Wednesday, April 3, 2013

Workshop Critique: Thirteen of These Thirteen of These Thirteen of These


Whenever I try a Gertrude Stein related exercise or when I read on, I am reminded of the other factors that constitute language. We ask, what tone does this story have, what literary devices does the author employ in this scene? And in lessons we identify these same things in sentences and learn what they are. We put the legos together, but we rarely play with them one by one. 
Though I’d say that legos are a good analogy, since they can be connected to each other out of context and still be something. Weldon Ryckman’s Thirteen of These Thirteen of These Thirteen of These takes structure, tone, theme, imagery and sound to craft a literary work. 

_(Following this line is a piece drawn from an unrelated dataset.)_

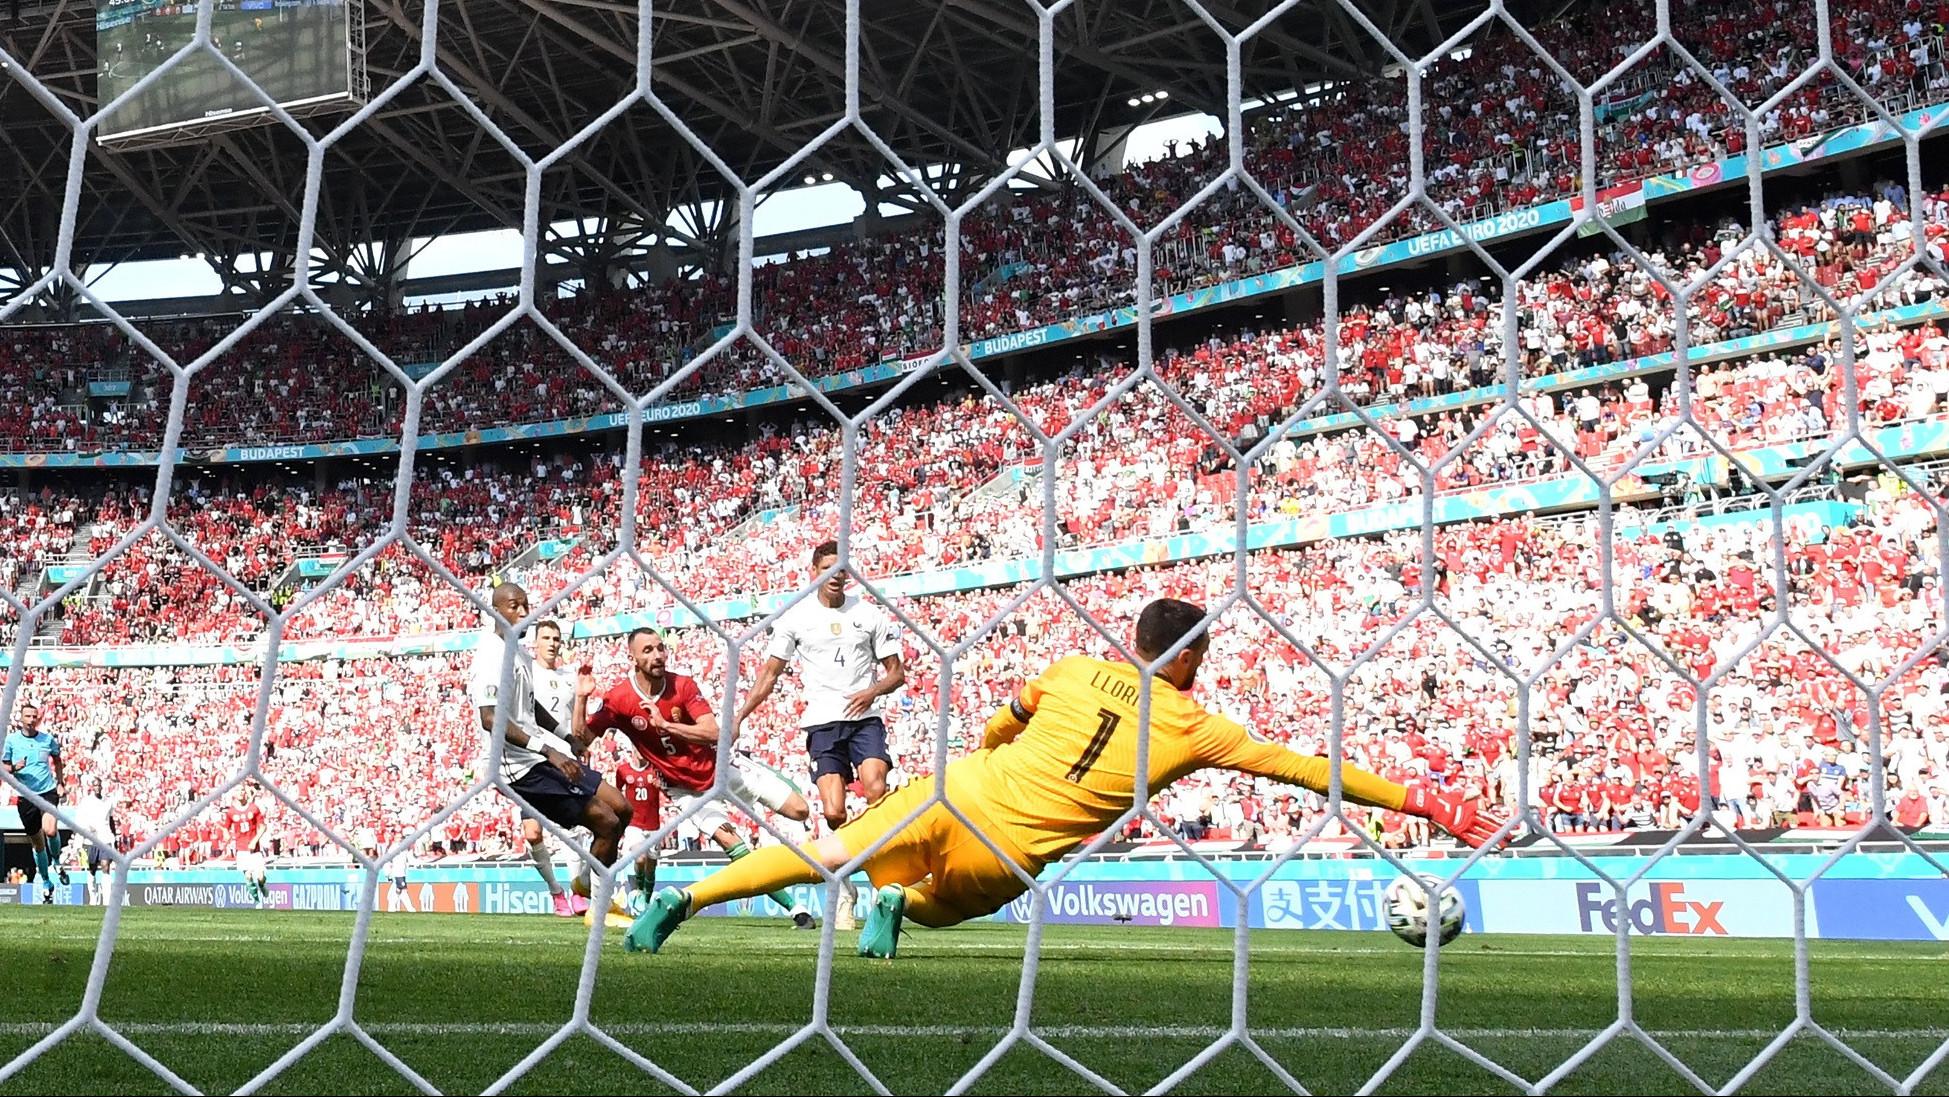 Bravúros döntetlen a franciák ellen az Európa-bajnokságon
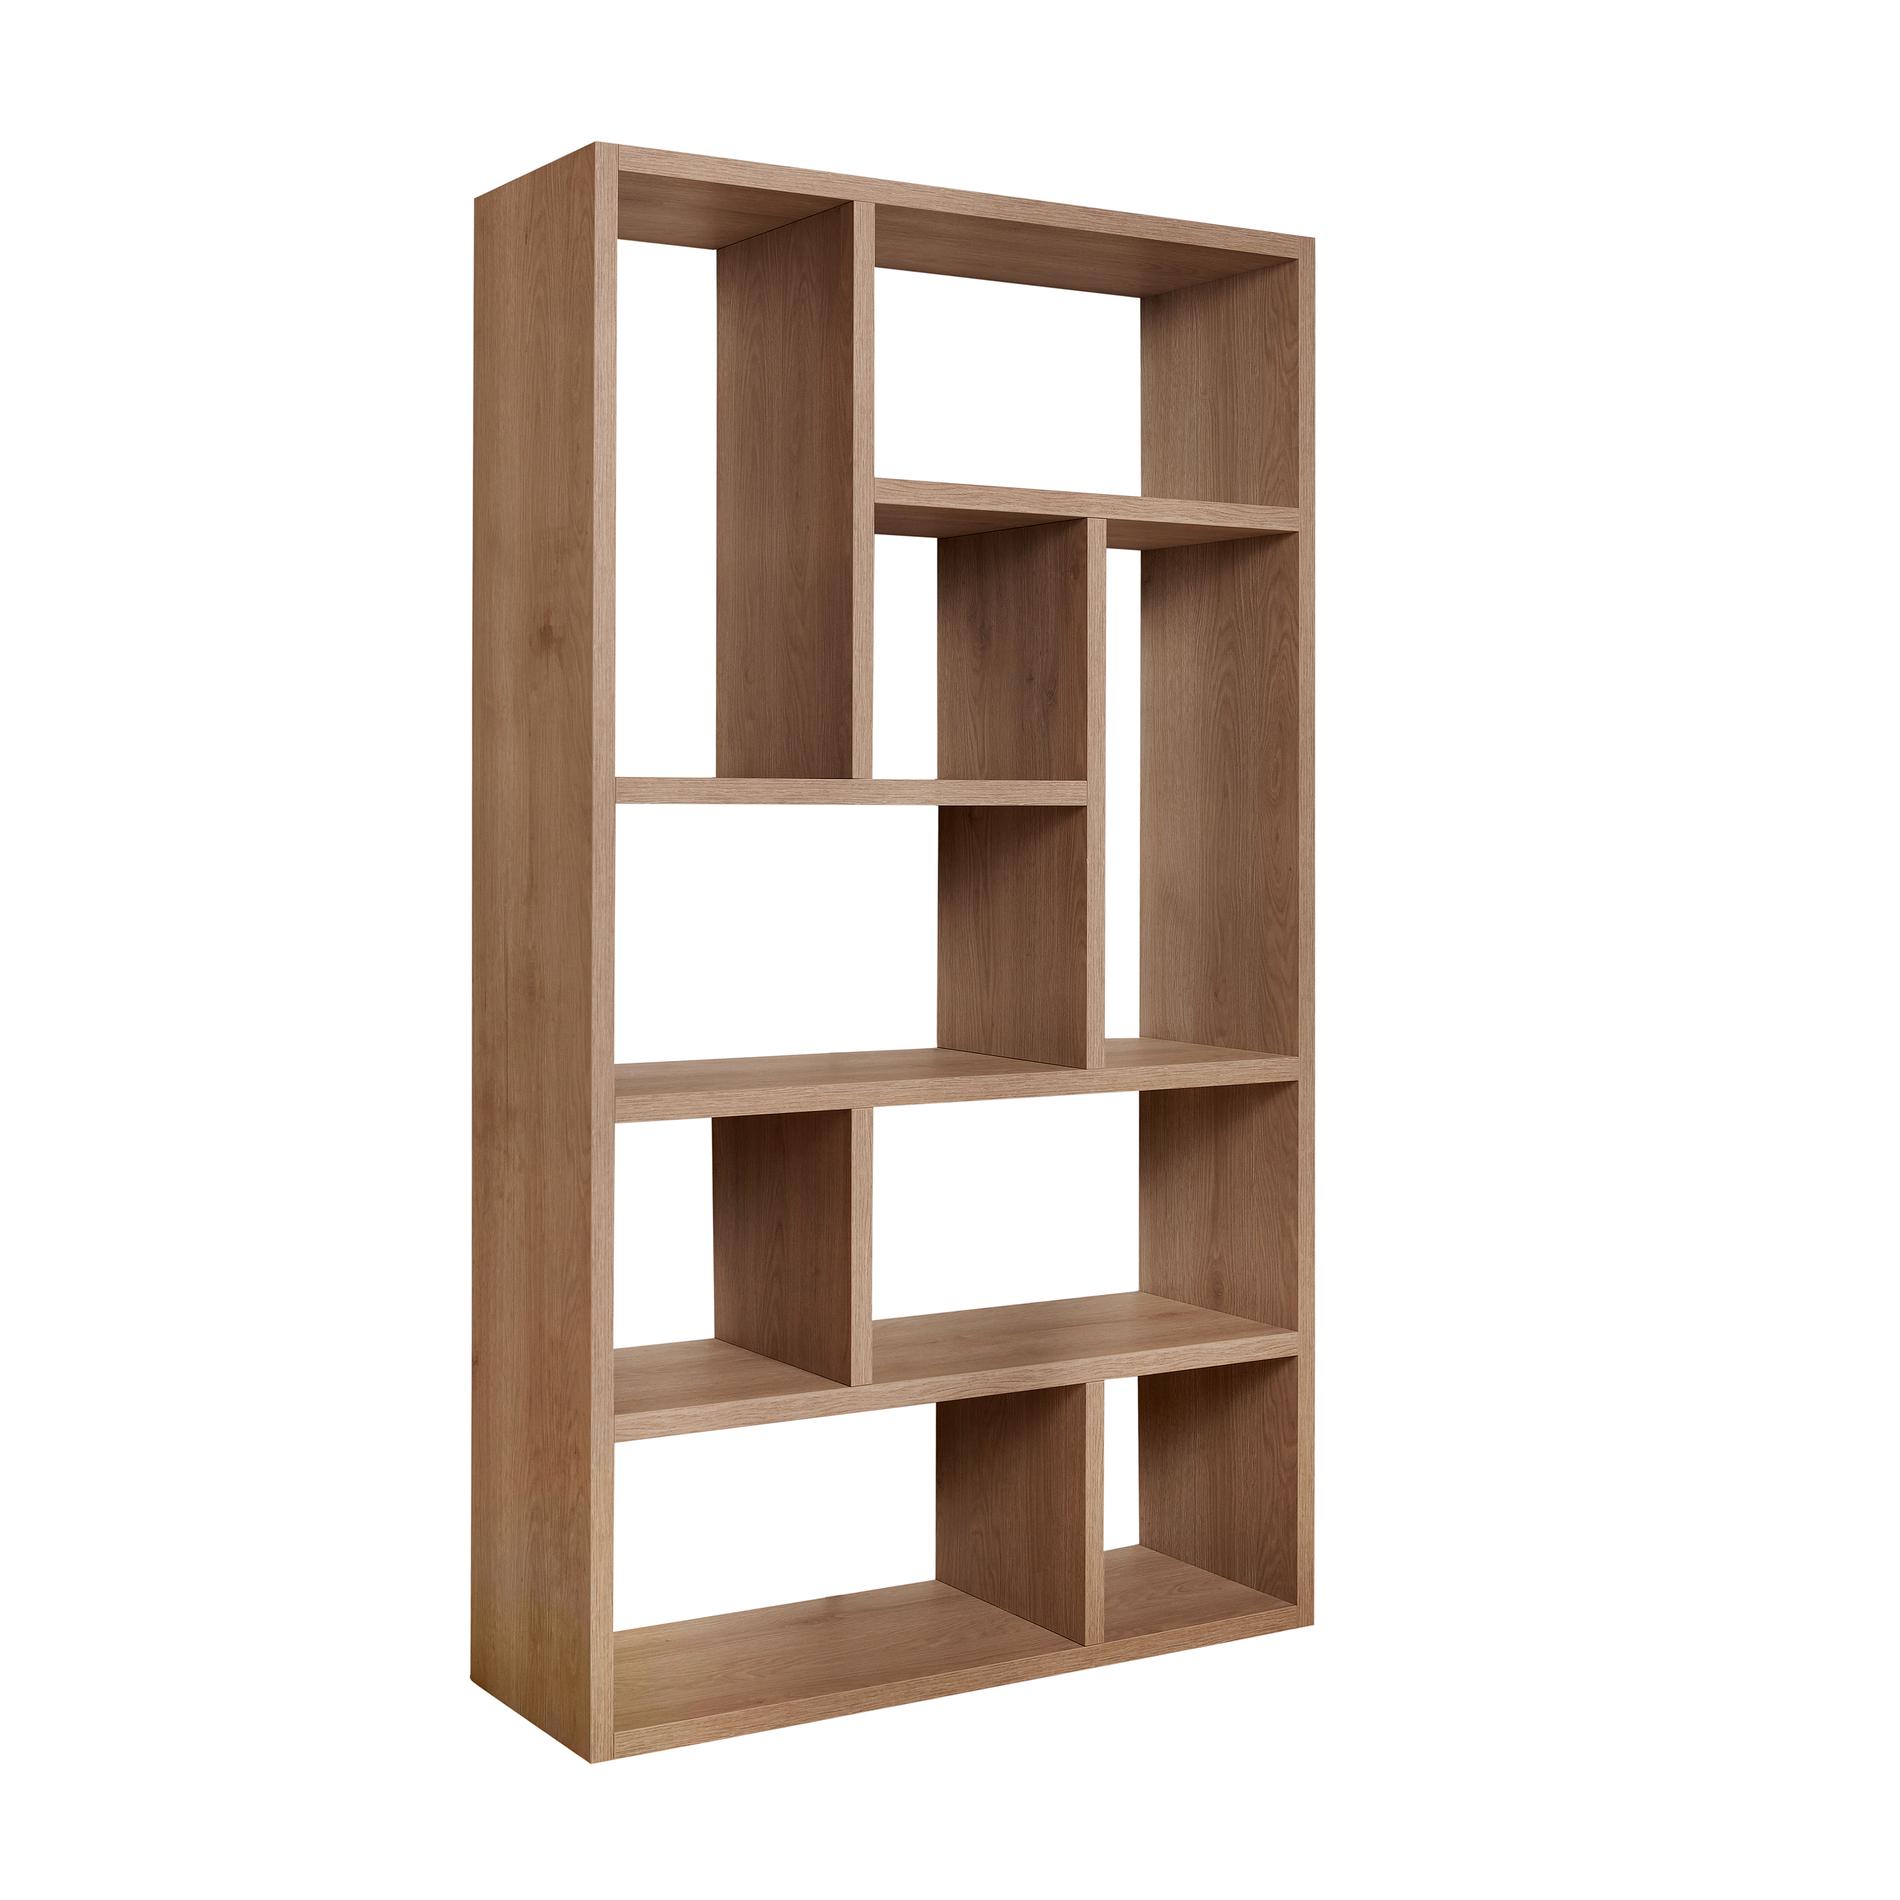 Libreria in legno olmo naturale - coincasa

The piece takes thirteen distinct, well, not things, but these’s, and brings out ideas of loneliness, fear and meditation. This is done through repetition, rhyme, wordplay and structure. I tried to find any single thing that ran through the whole piece. As the title suggests, there are thirteen sections. In the first section, you can add up all the written numbers and they will equal thirteen. But reading on that was not apparent for the rest of the sections. What does come up throughout is isolation, loneliness, body parts and cinema and art references. Perhaps there could be more of a theme running through the whole piece. It’s certainly there, but going over it again perhaps emphasizing certain notions that call out to the reader. However, I might be imagining that those notions even exist.